■ Directions ■
Images are not part of the copy; write out the rest of the data exactly as given.

Given data: Begin

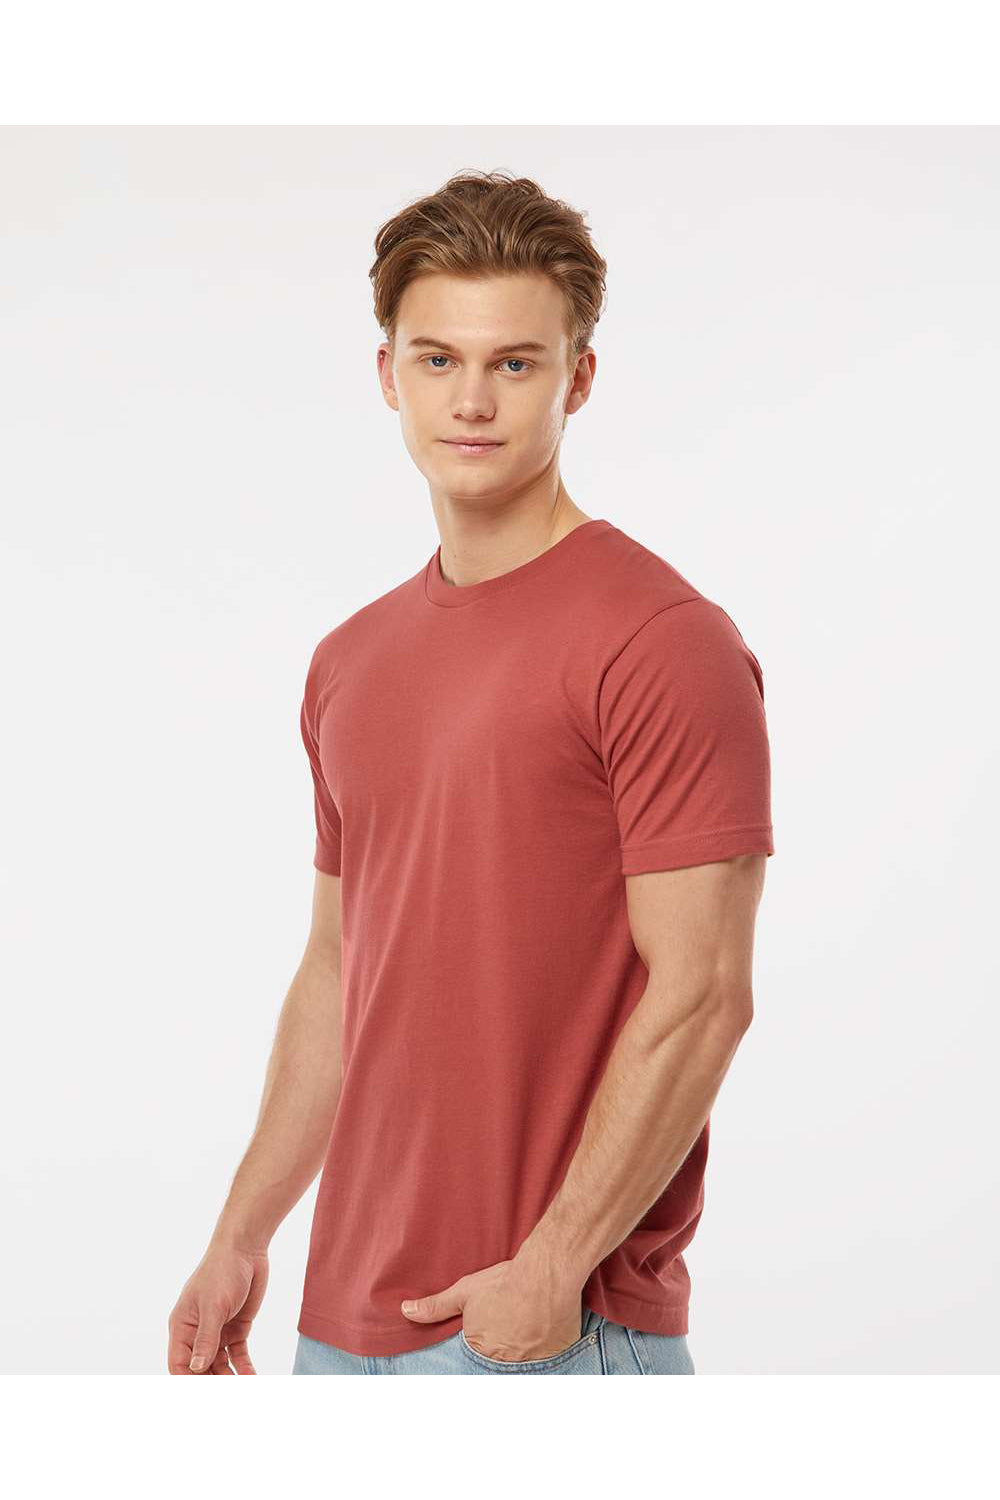 Tultex 202 Mens Fine Jersey Short Sleeve Crewneck T-Shirt Terracotta Red Model Side
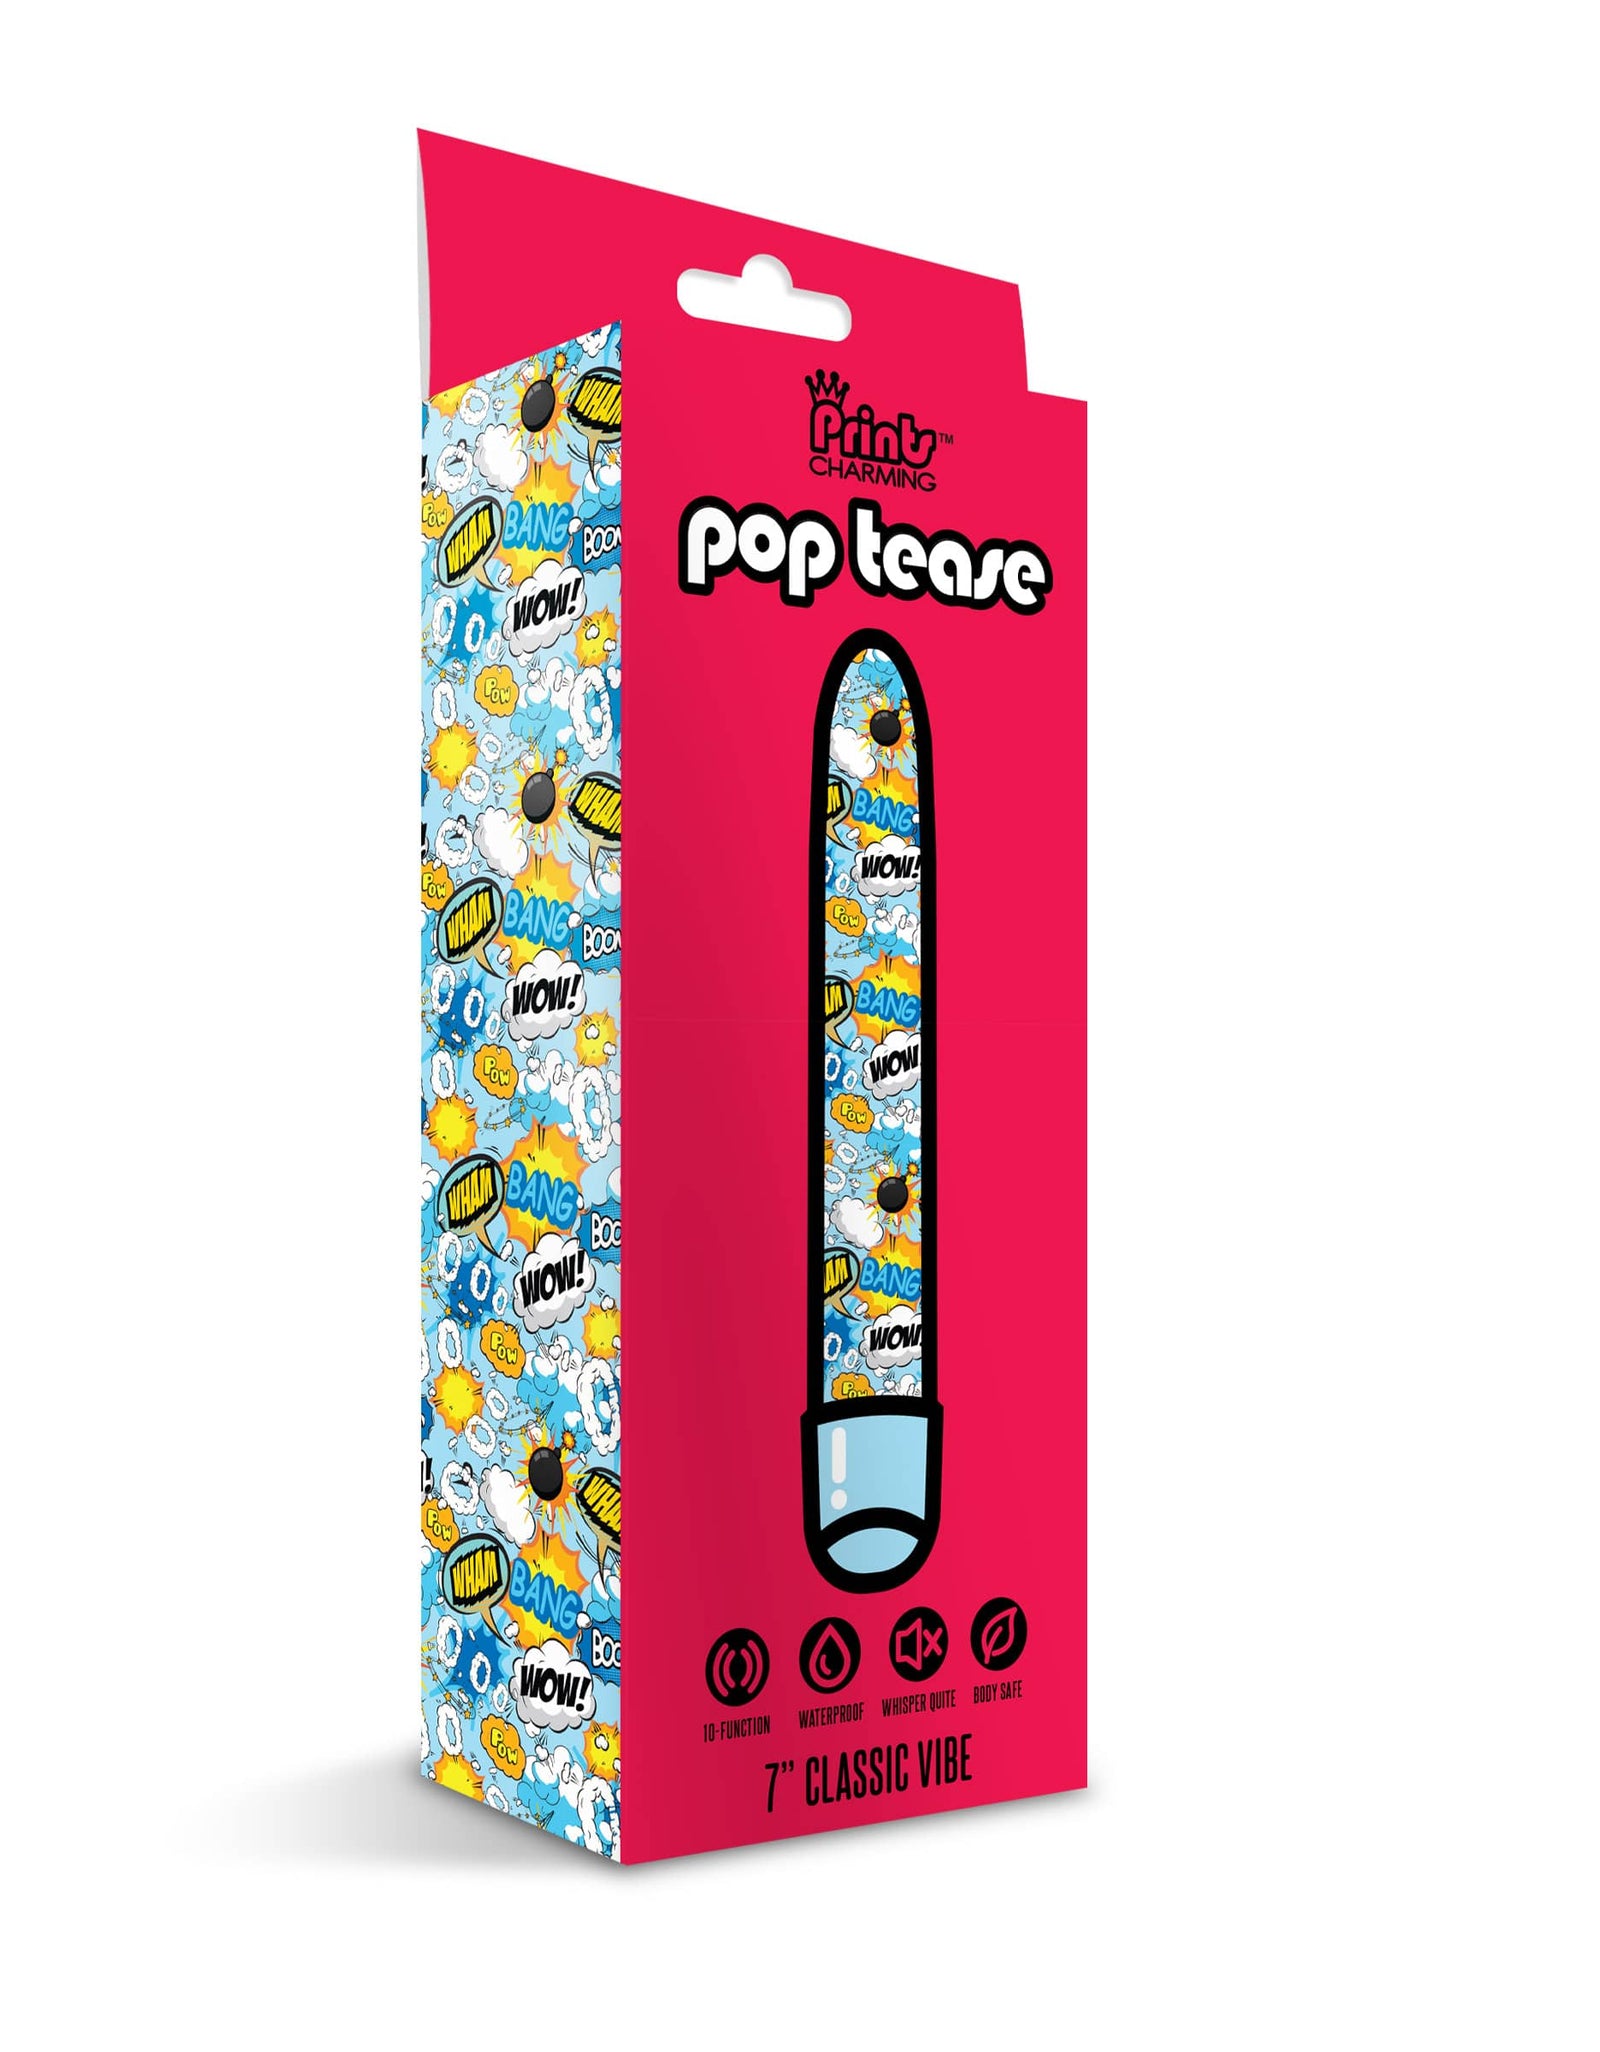 Prints Charming Pop Tease 7" Classic Vibrator, Wham, Blue W/Storage Bag - The Happy Ending Shop
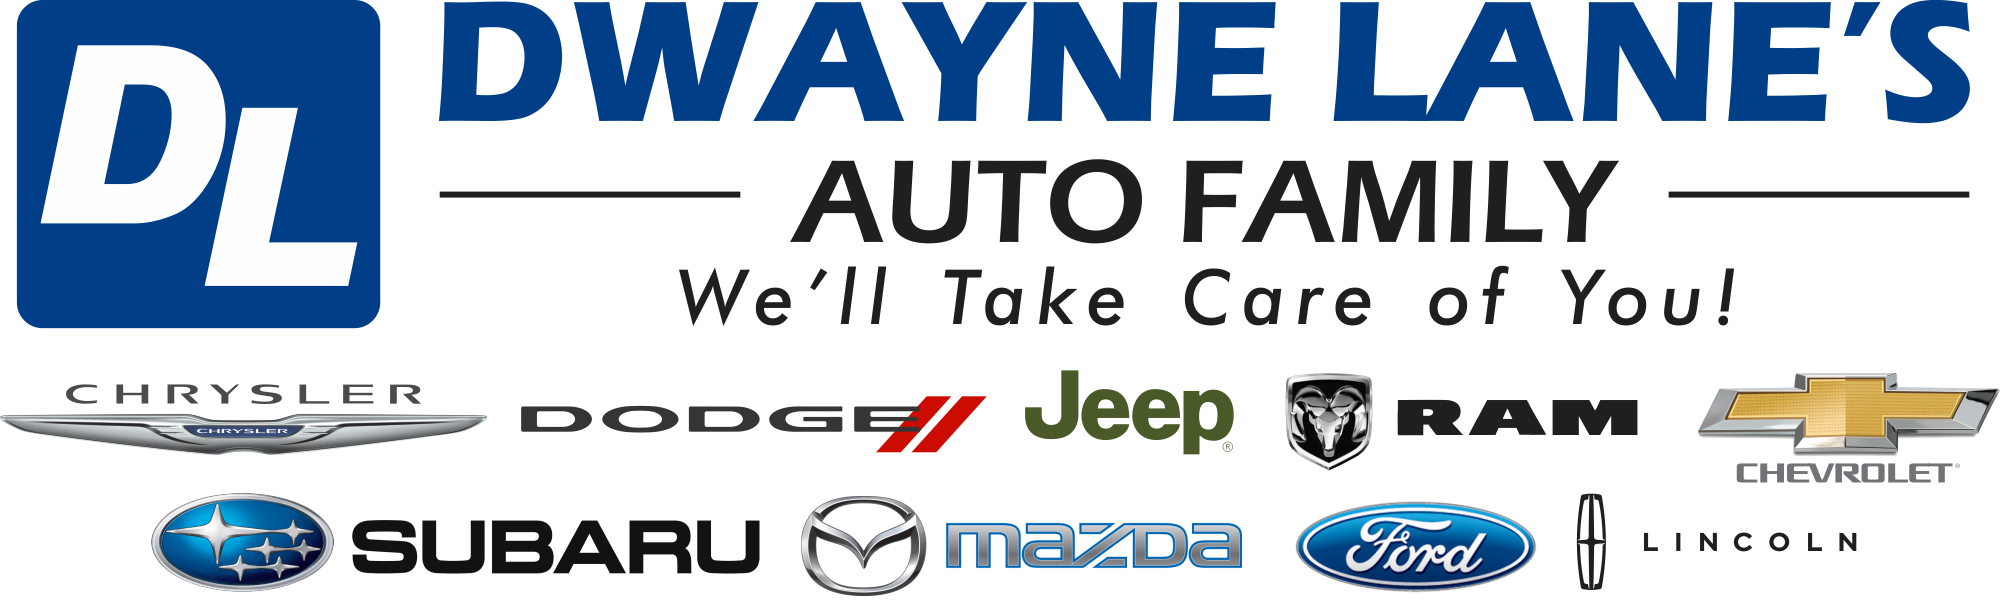 Dwayne Lane's Auto Family's Logo
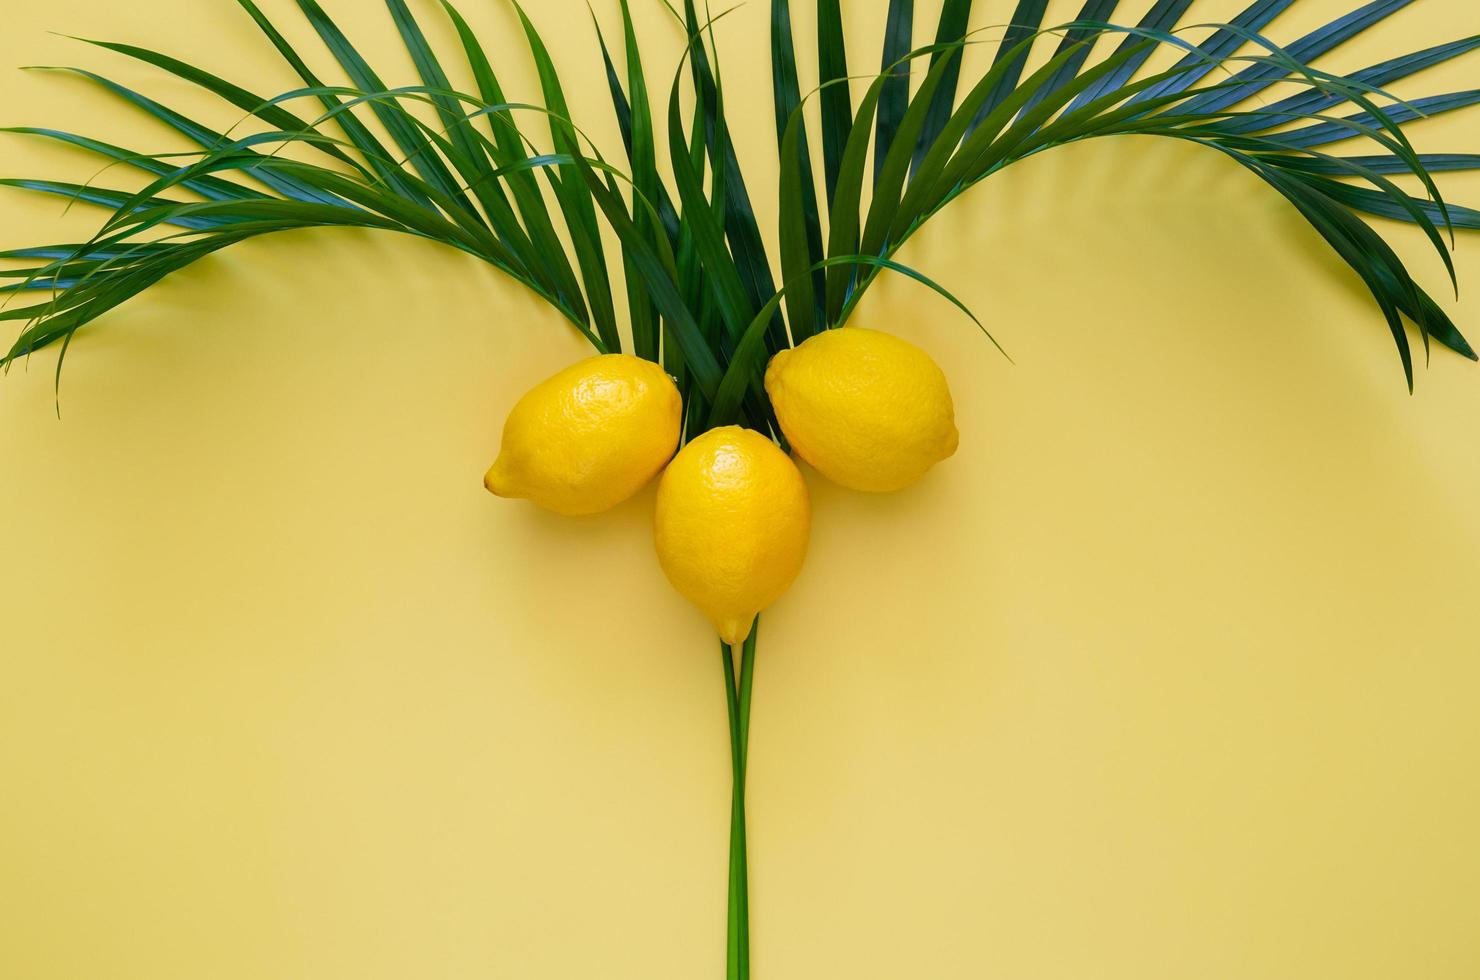 Lemons on coconut tree on yellow background. photo

Given data: End

■ Exercise answer ■
 Tultex 202 Mens Fine Jersey Short Sleeve Crewneck T-Shirt Terracotta Red Model Side
 Prints Charming Pop Tease 7" Classic Vibrator, Wham, Blue W/Storage Bag - The Happy Ending Shop
 Dwayne Lane's Auto Family's Logo
 Lemons on coconut tree on yellow background. photo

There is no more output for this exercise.